*** Opening of EXERCISE INPUTS ***
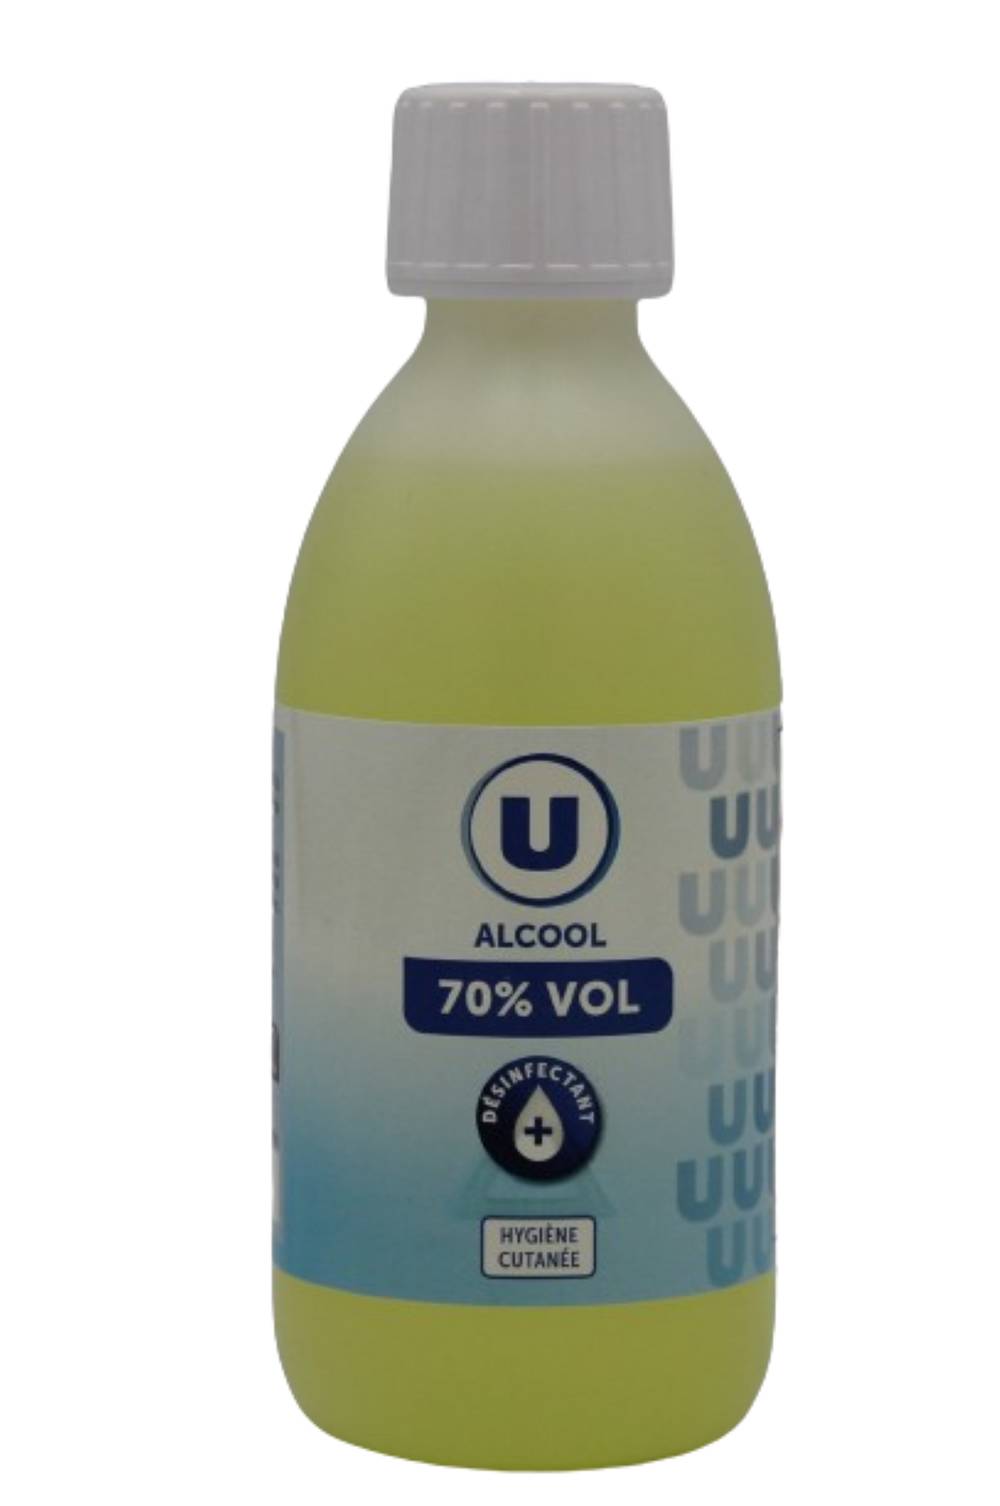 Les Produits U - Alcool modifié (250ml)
*** Close of EXERCISE INPUTS ***
*** Opening of EXERCISE INPUTS ***
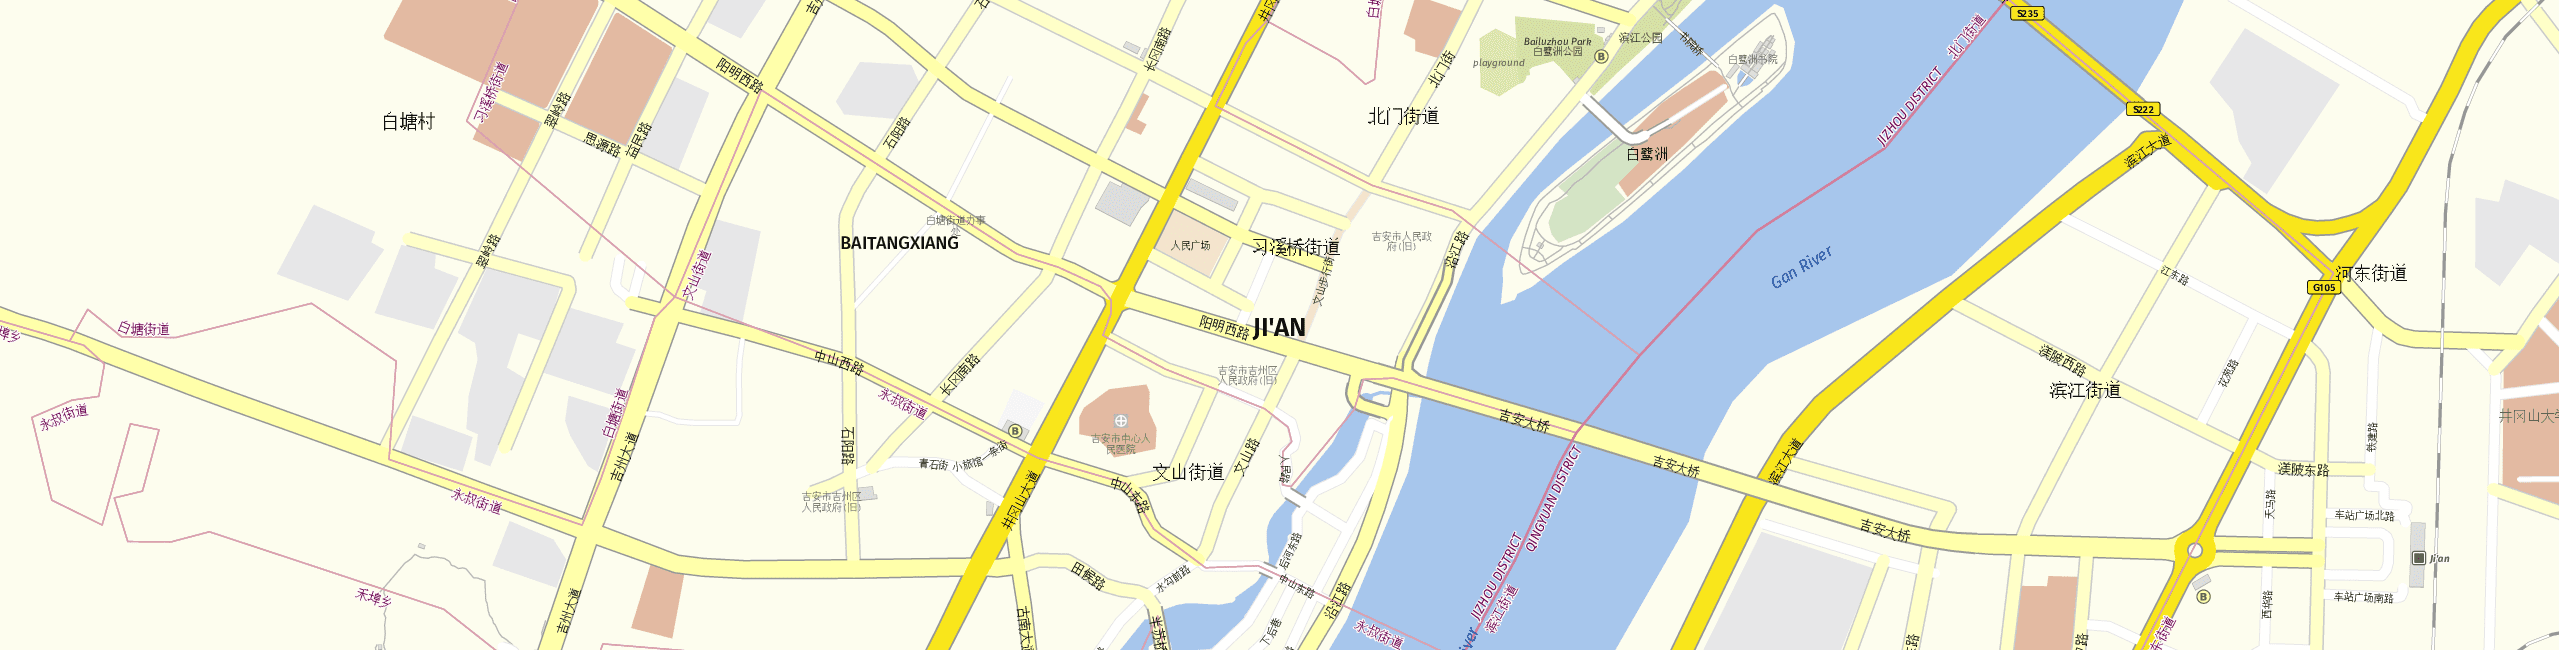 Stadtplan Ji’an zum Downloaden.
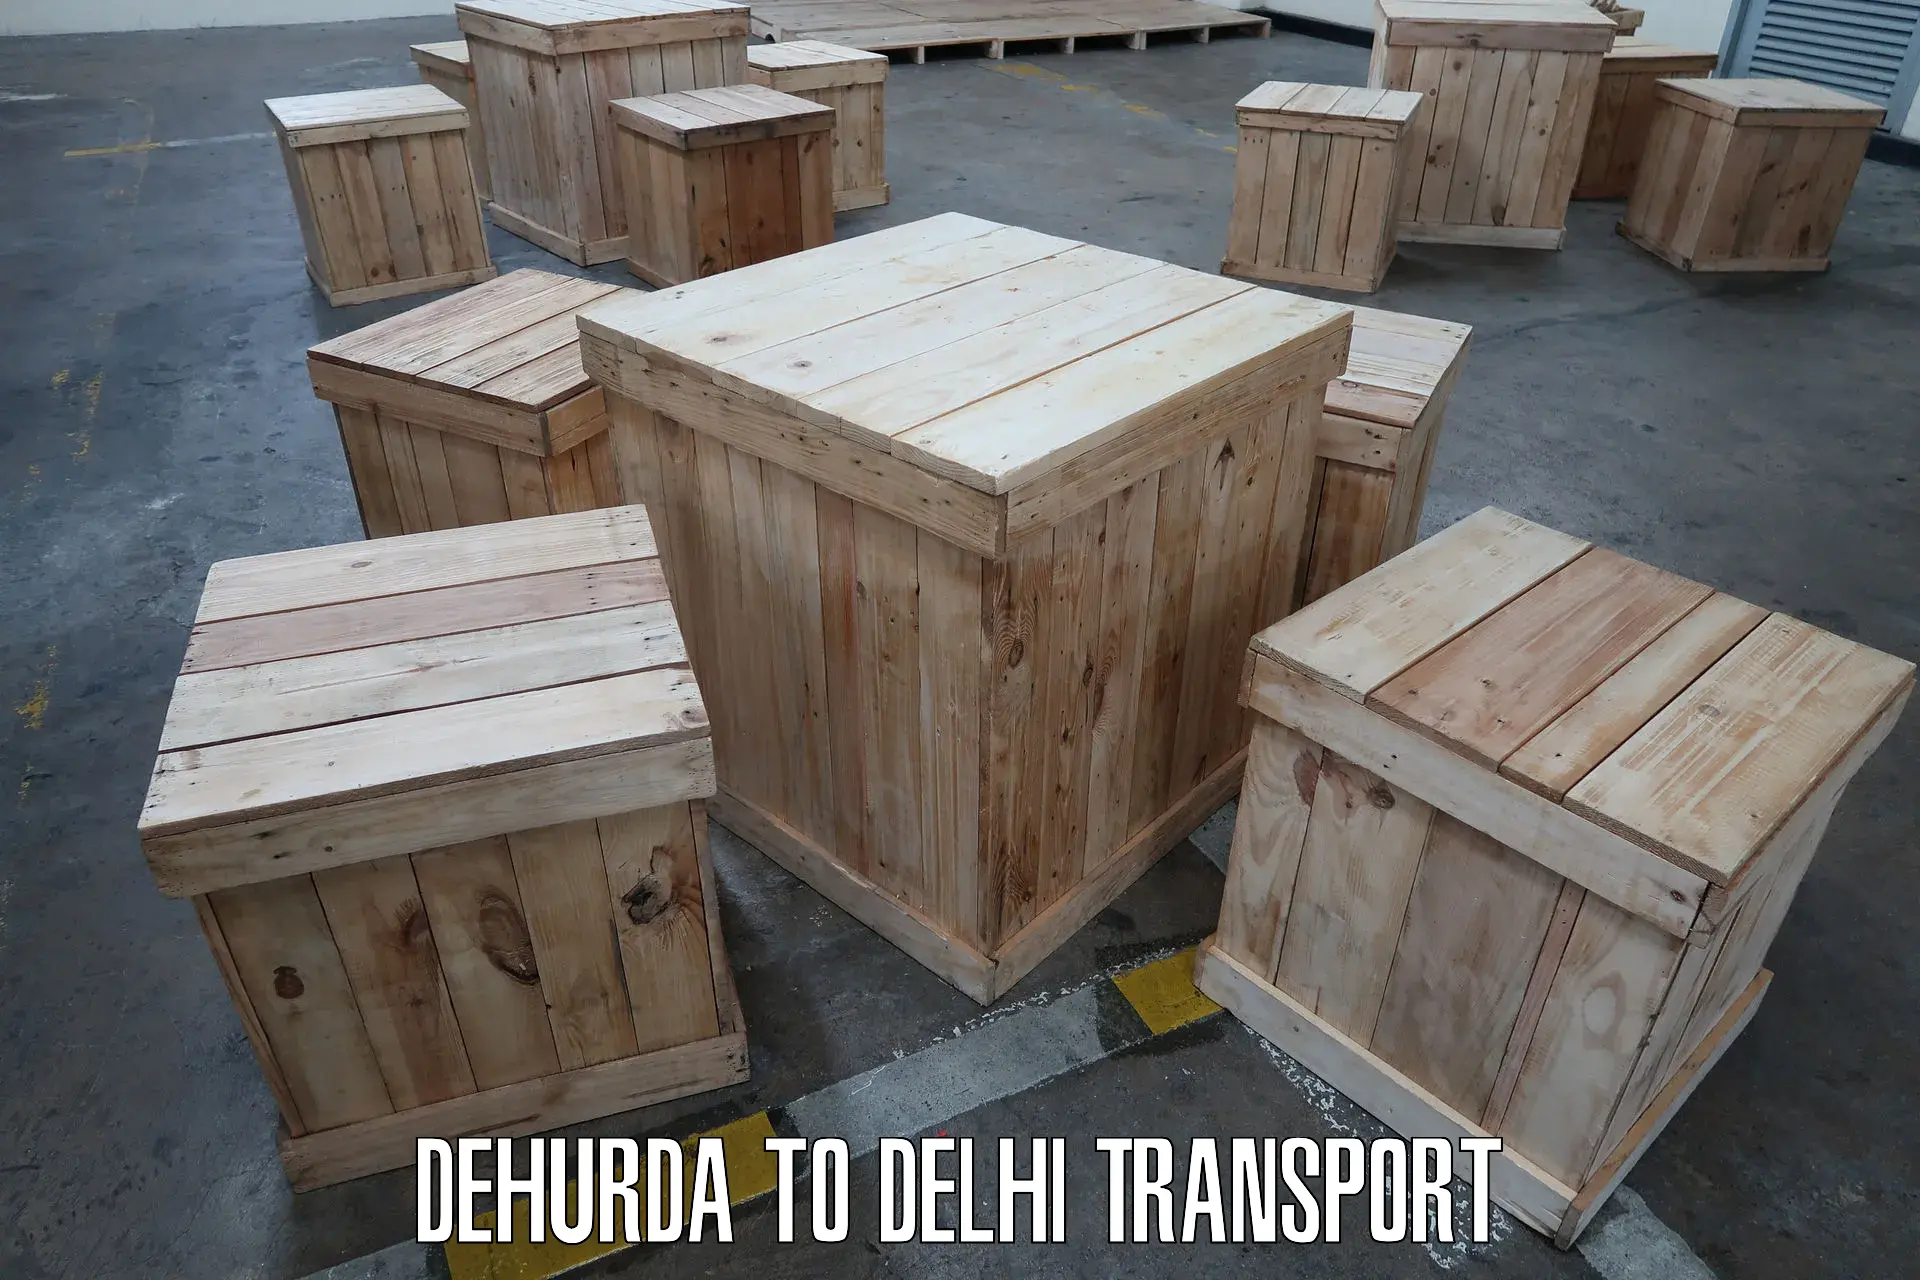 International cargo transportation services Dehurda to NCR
*** Close of EXERCISE INPUTS ***
§ PROBLEM STATEMENT
In the entries above, find the line containing "Stadtplan Ji’an zum Downloaden." and the line containing "International cargo transportation", then copy both and every line between them exactly, without any picture.

§ TASK SOLUTION
 Stadtplan Ji’an zum Downloaden.
 International cargo transportation services Dehurda to NCR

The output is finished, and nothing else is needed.